§ Stored data:

════

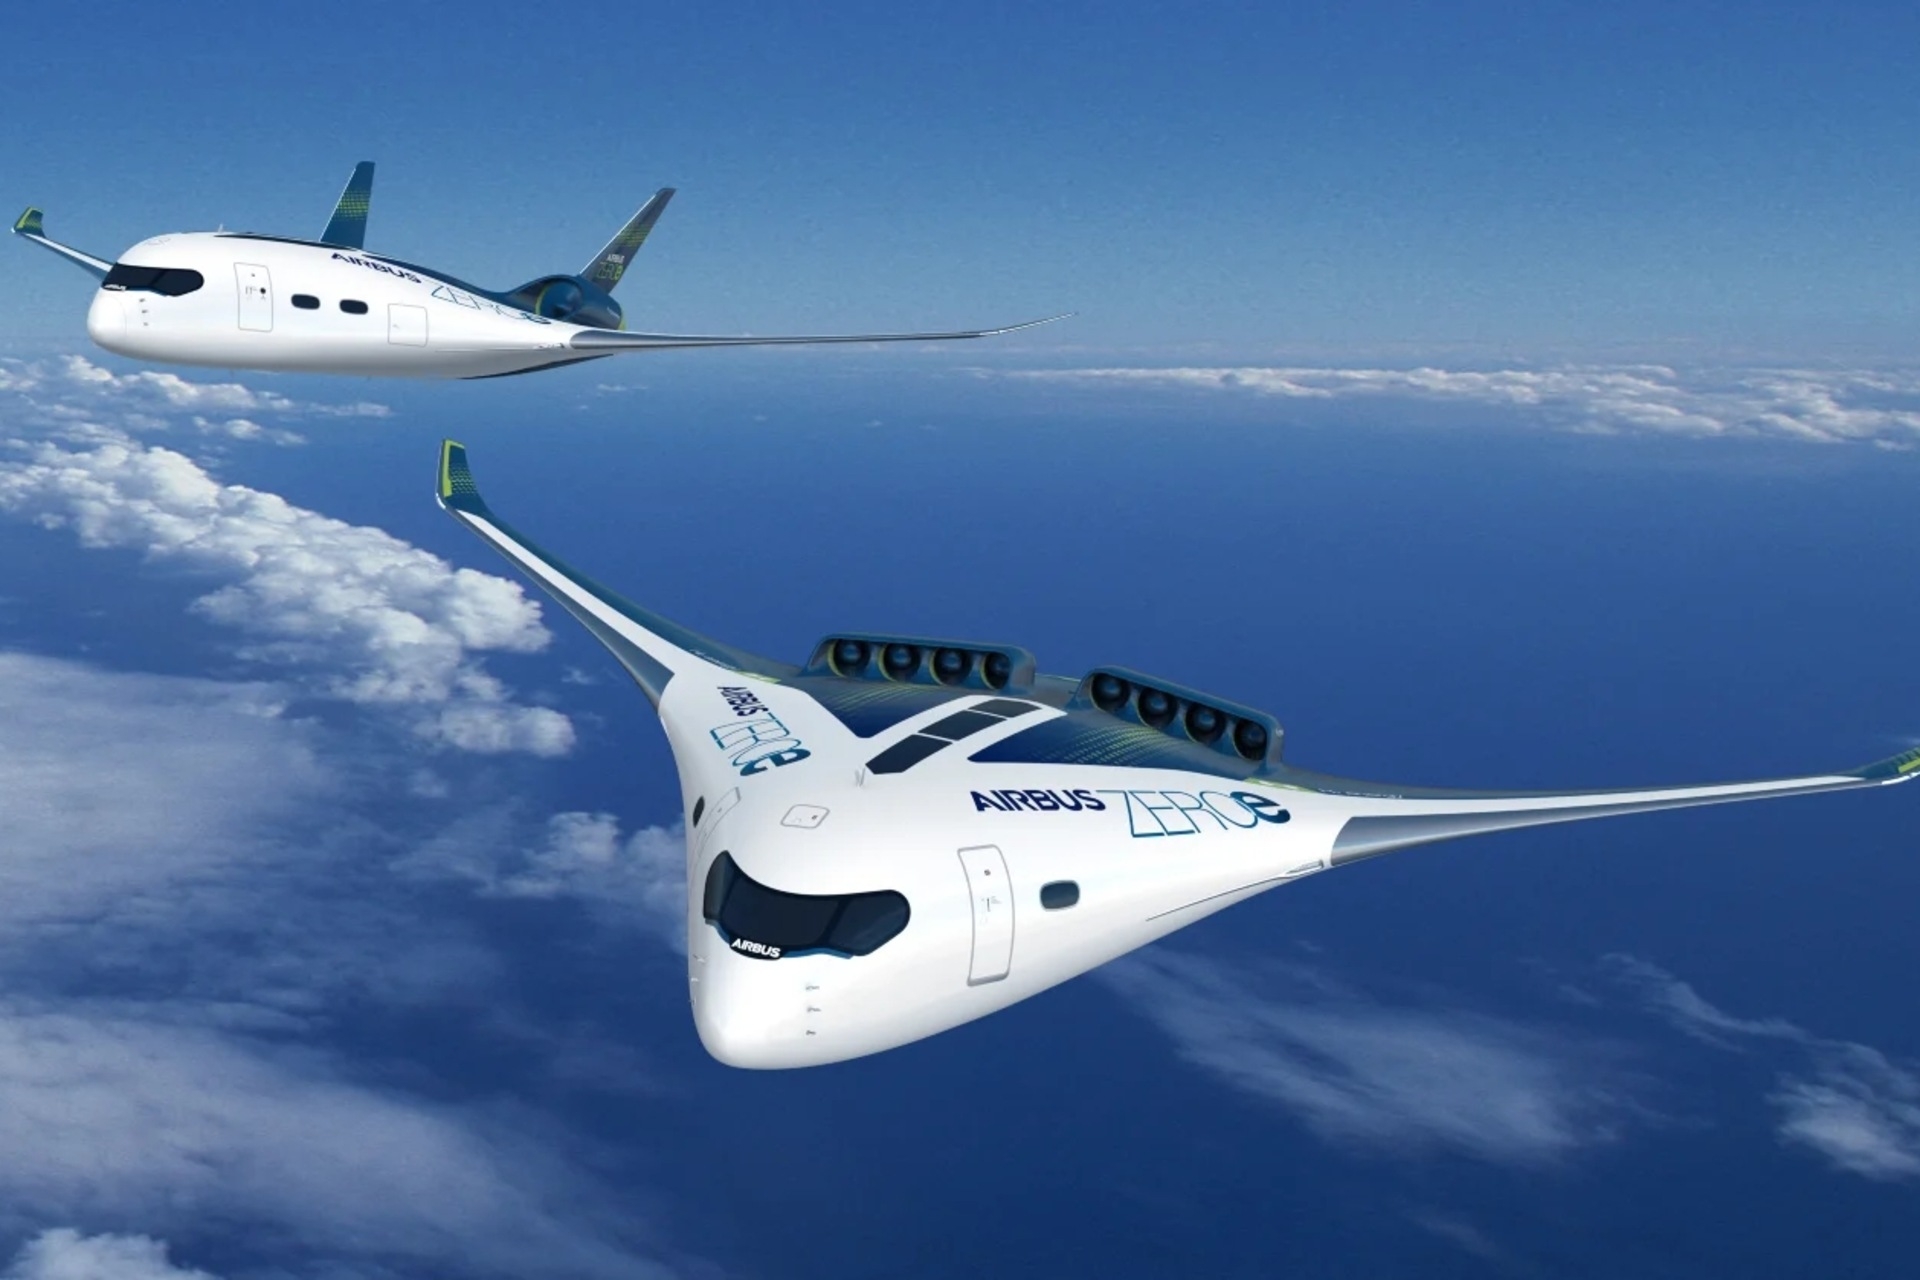 ხმაური: კომპანია Airbus-ის ZEROe პროექტი არის ერთ-ერთი შერეული ფრთების თვითმფრინავი, რომელიც შემოთავაზებულია ბოლო წლებში და შესწავლის საგანია.
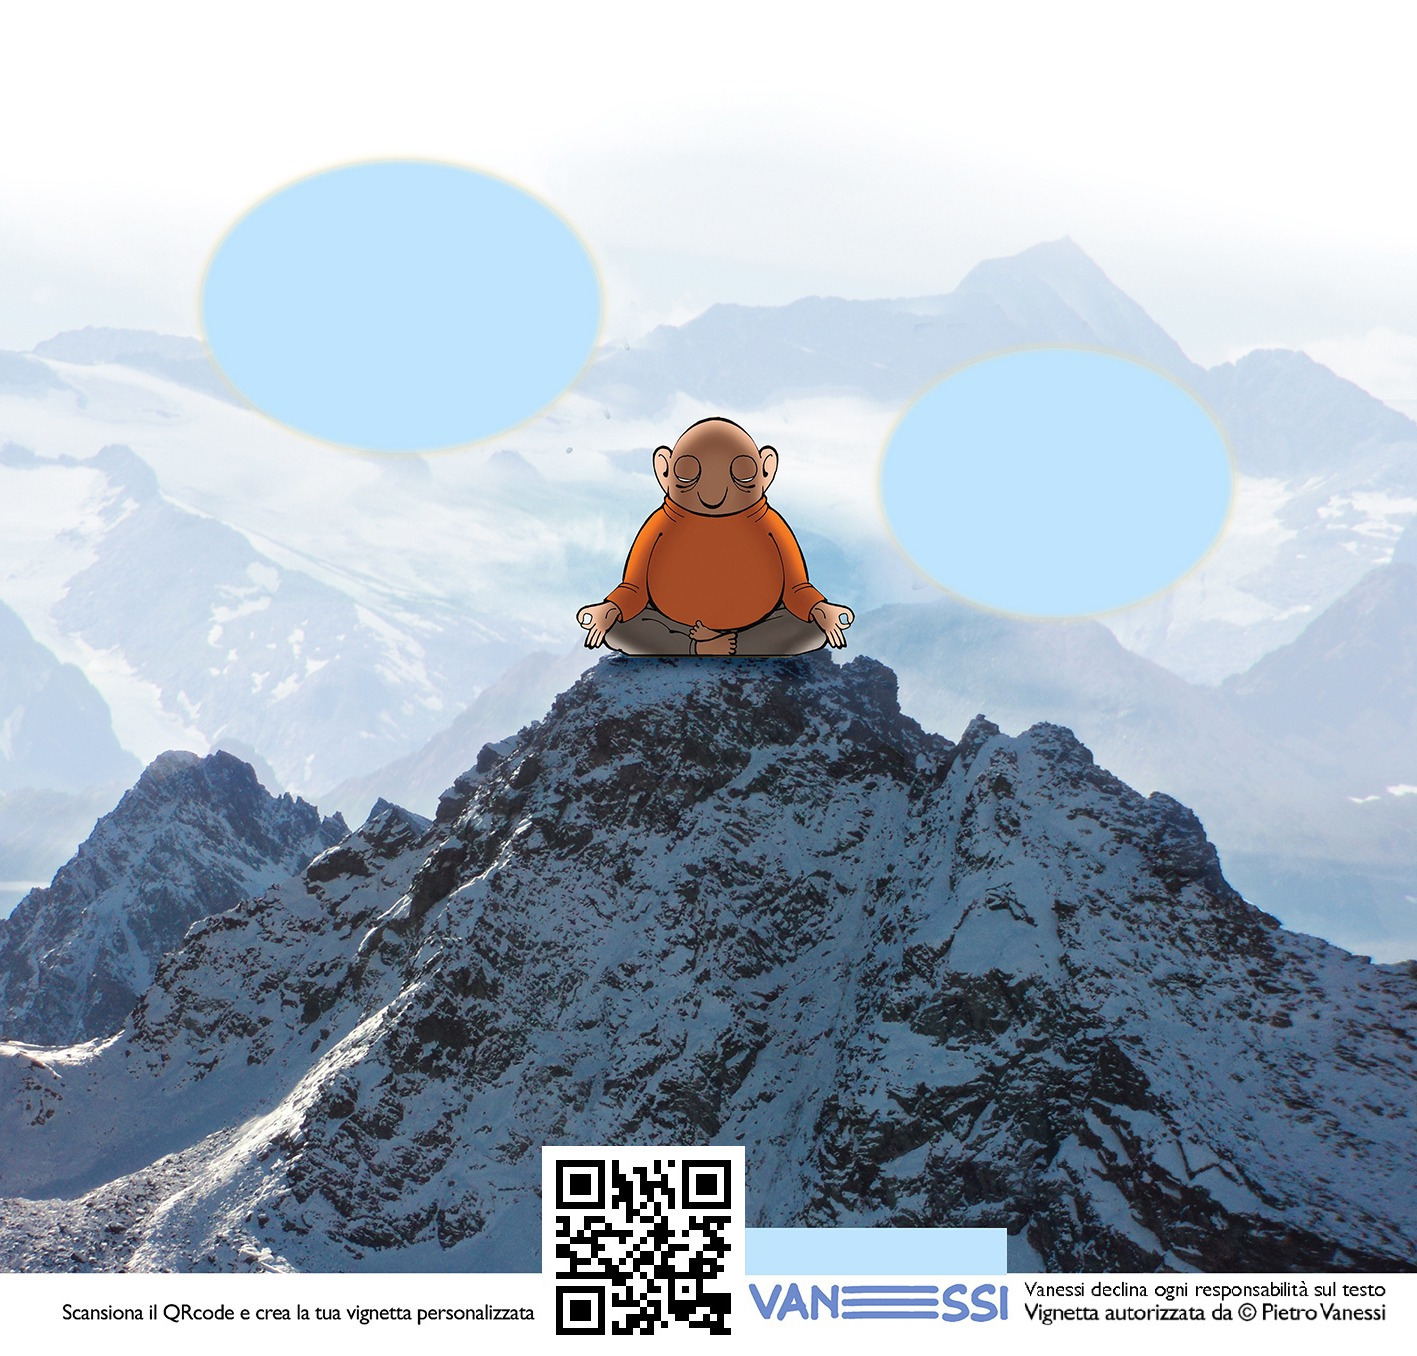 Vignetta personalizzabile che rappresenta l'idiota zen, in meditazione, sulla cima di una montagna innevata
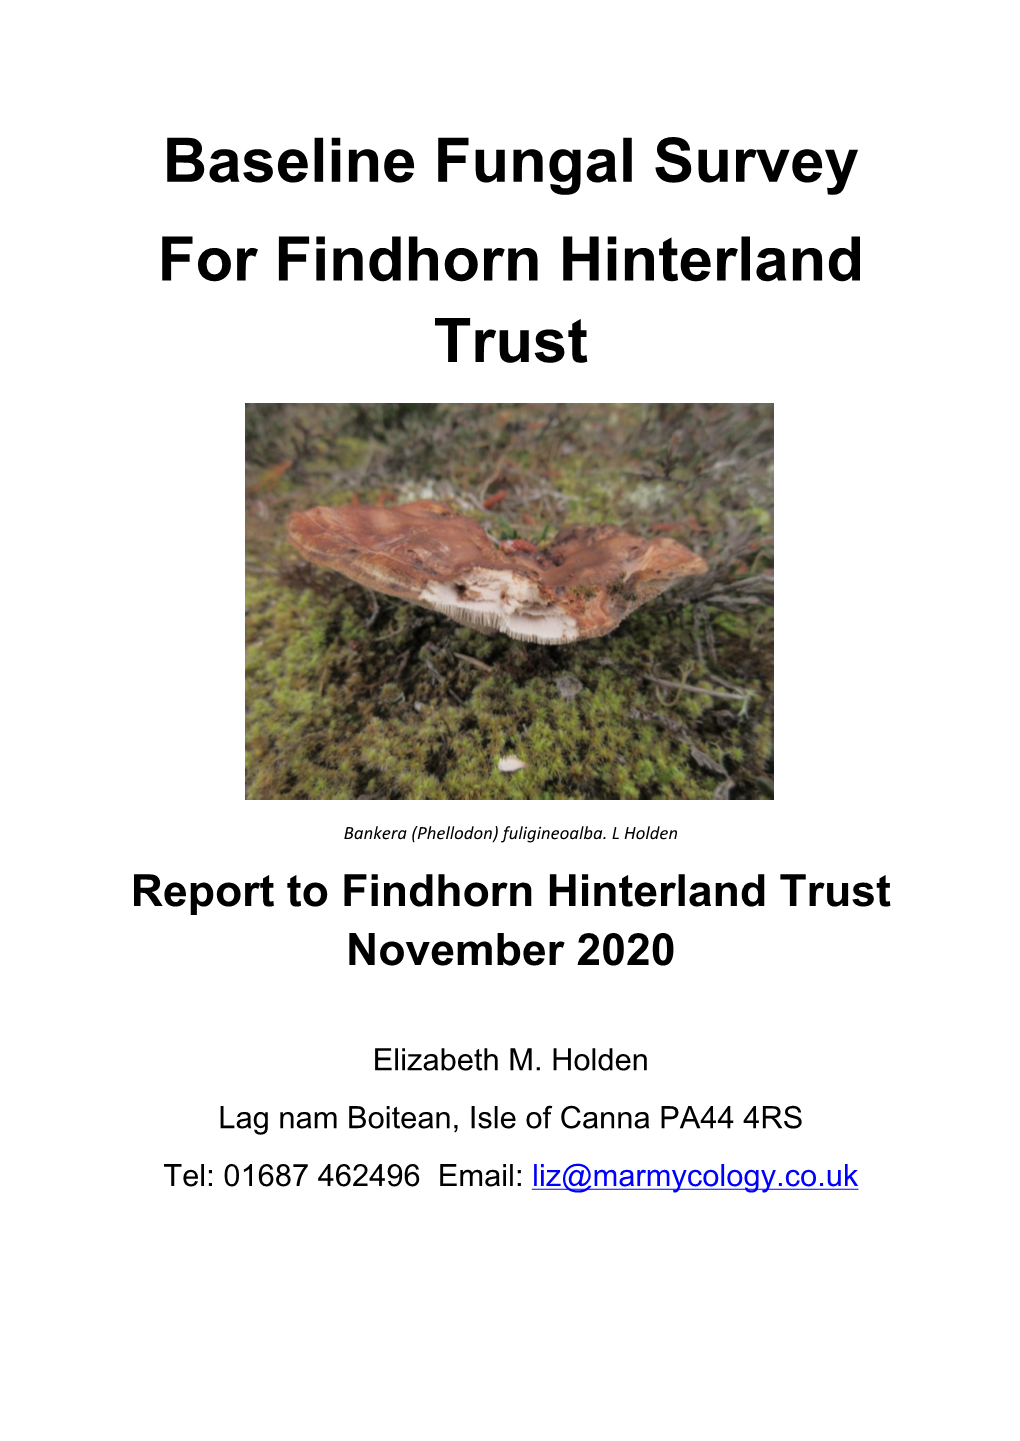 FHT Baseline Fungal Survey Nov 2020
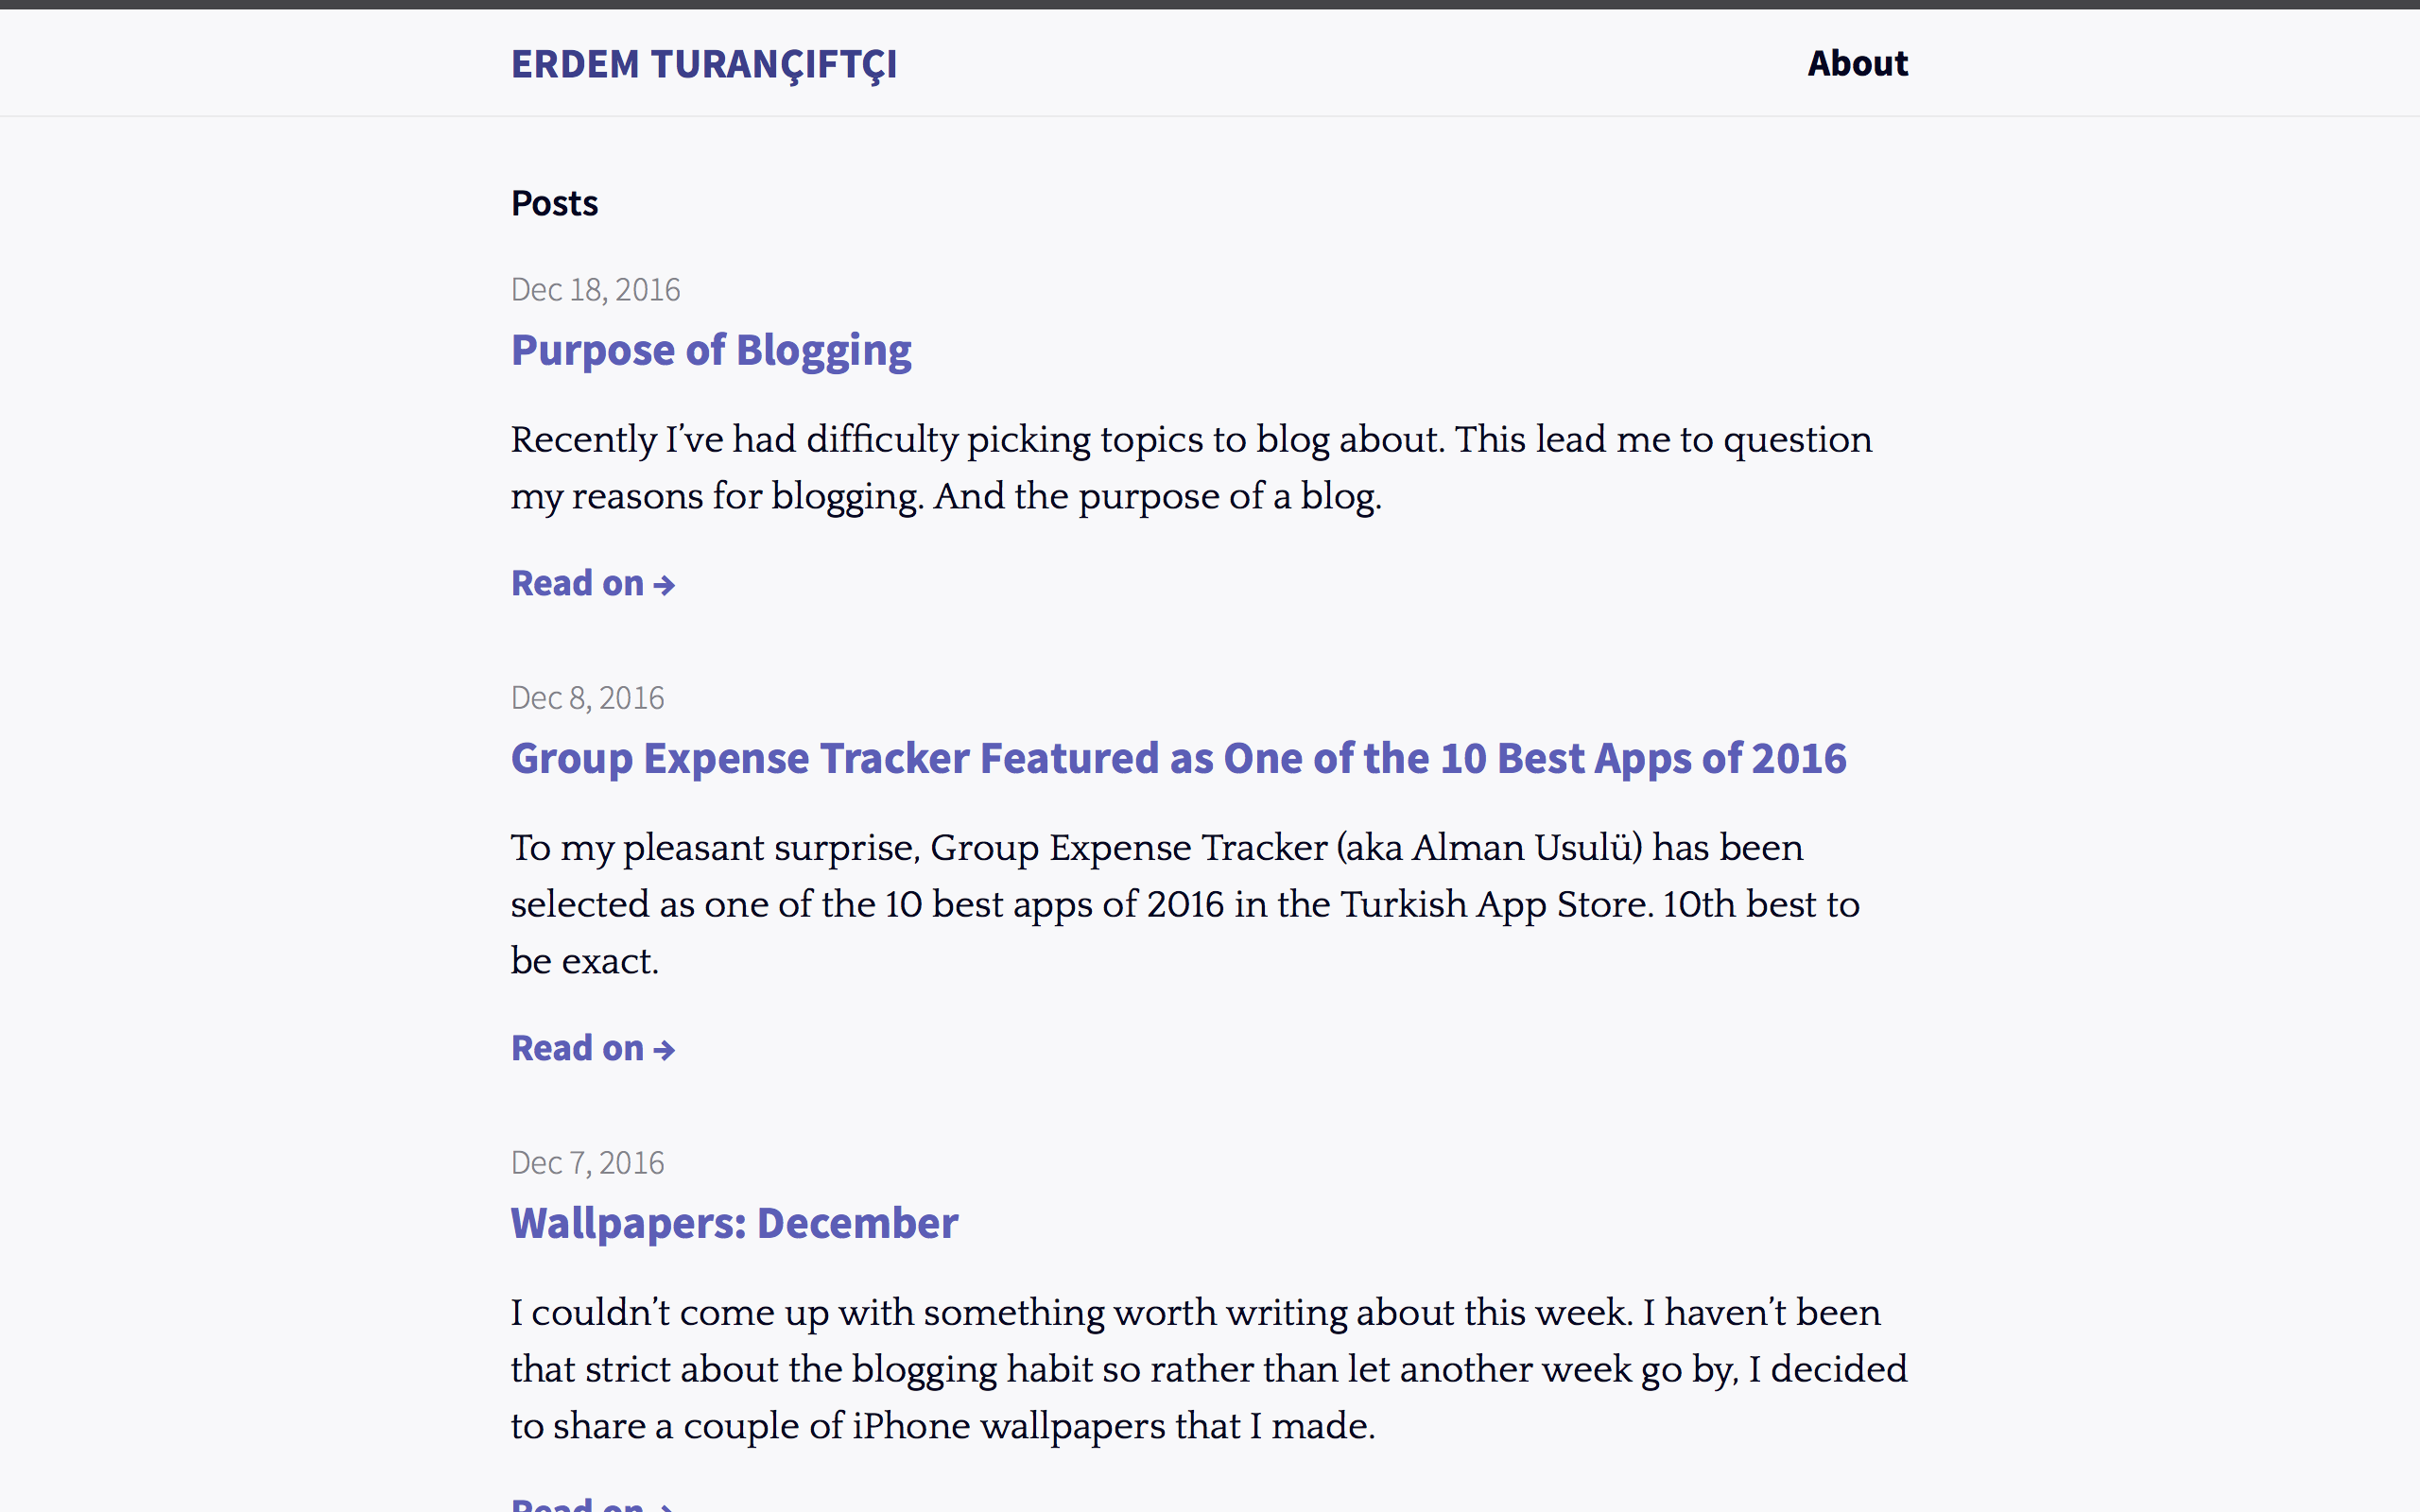 erdemtu.com as of 2016 December

════

Every line from the one holding "FHT Baseline Fungal Survey Nov 2020" through the final line of the data above is to be reproduced exactly, both ends included, with the pictures left out.

§ Task solution:
 FHT Baseline Fungal Survey Nov 2020
 erdemtu.com as of 2016 December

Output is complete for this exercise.